没错我就是伍声2009的粉丝,从今天起,模仿《从零单排》系列,菜鸡单刷LeetCode!
题目:
Given a binary tree, find its maximum depth. The maximum depth is the number of nodes along the longest path from the root node down to the farthest leaf node.
解答:
树的深度优先遍历,求得树高度即可。然后需要用到递归的思想,假设子树的高度已知。最后,记得设定递归终点。
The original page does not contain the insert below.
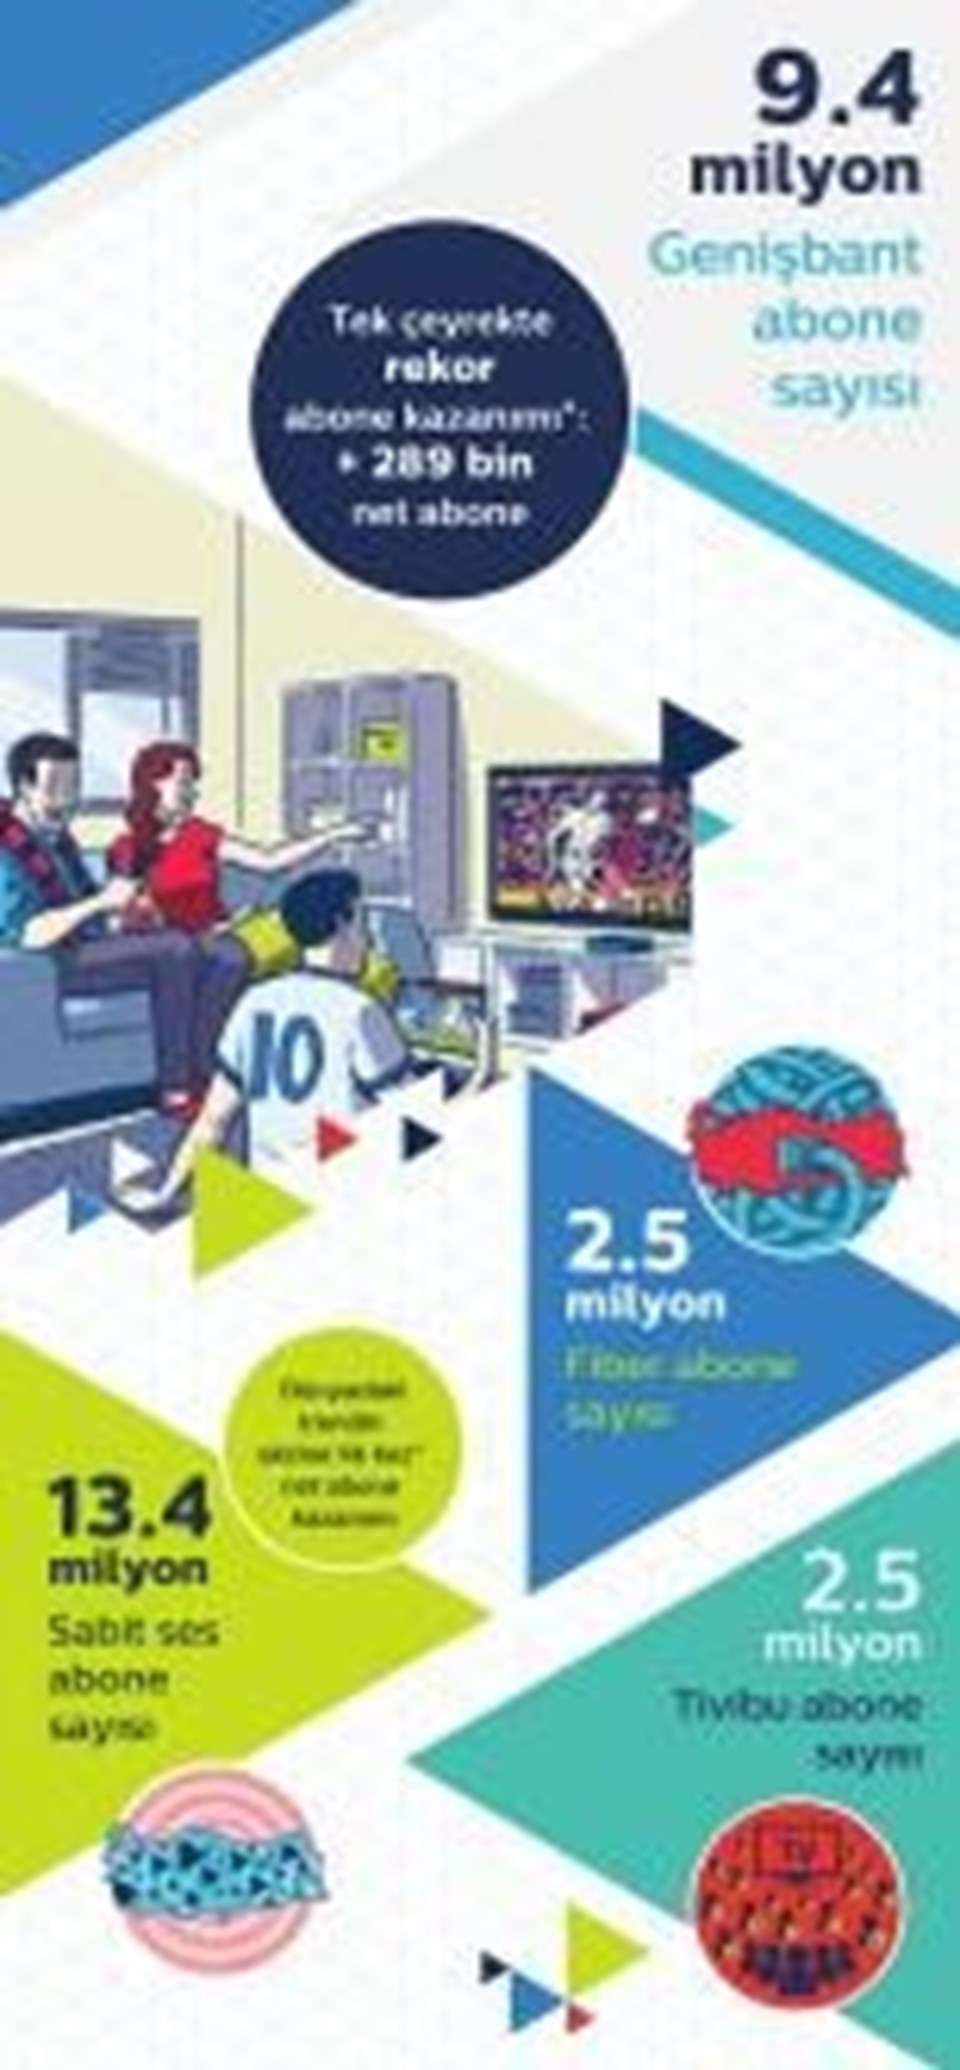 Türk Telekom 40,5 milyon aboneye ulaştı (Türkiye nüfusunun yarısı) - 3

说归说,我这样的菜鸡还是会碰到问题……例如下面这个:
/**
* Definition for binary tree
* struct TreeNode {
* int val;
* TreeNode *left;
* TreeNode *right;
* TreeNode(int x) : val(x), left(NULL), right(NULL) {}
* };
*/
class Solution {
public:
int maxDepth(TreeNode *root) {
if(root->left == NULL && root->right == NULL)
{
return 1;
}
if(root->left != NULL && root->right == NULL)
{
return (1+maxDepth(root->left));
}
if(root->right != NULL && root->left == NULL)
{
return (1+maxDepth(root->right));
}
else
{
return (1+maxDepth(root->right))>(1+maxDepth(root->left))?(1+maxDepth(root->right)):(1+maxDepth(root->left));
}
}
};
Runtime Error 了……原因是,当输入空树时无法处理。但是改了之后还是还有通过……原因是超时。想了半天,问题在这里:
return (1+maxDepth(root->right))>(1+maxDepth(root->left))?(1+maxDepth(root->right)):(1+maxDepth(root->left));
这样不就是把子树的 maxDepth 求解了四次么?正确方法应该将子树高度保存下来,这样只需要计算两次,节省一半时间。得到 AC:
/**
* Definition for binary tree
* struct TreeNode {
* int val;
* TreeNode *left;
* TreeNode *right;
* TreeNode(int x) : val(x), left(NULL), right(NULL) {}
* };
*/
class Solution {
public:
int maxDepth(TreeNode *root) {
if(root == NULL)
{
return 0;
}
if(root->left == NULL && root->right == NULL)
{
return 1;
}
if(root->left != NULL && root->right == NULL)
{
return (1+maxDepth(root->left));
}
if(root->right != NULL && root->left == NULL)
{
return (1+maxDepth(root->right));
}
else
{
int l = maxDepth(root->left);
int r = maxDepth(root->right);
return (1+r)>(1+l)?(1+r):(1+l);
}
}
};
时间: 2024-10-12 15:09:38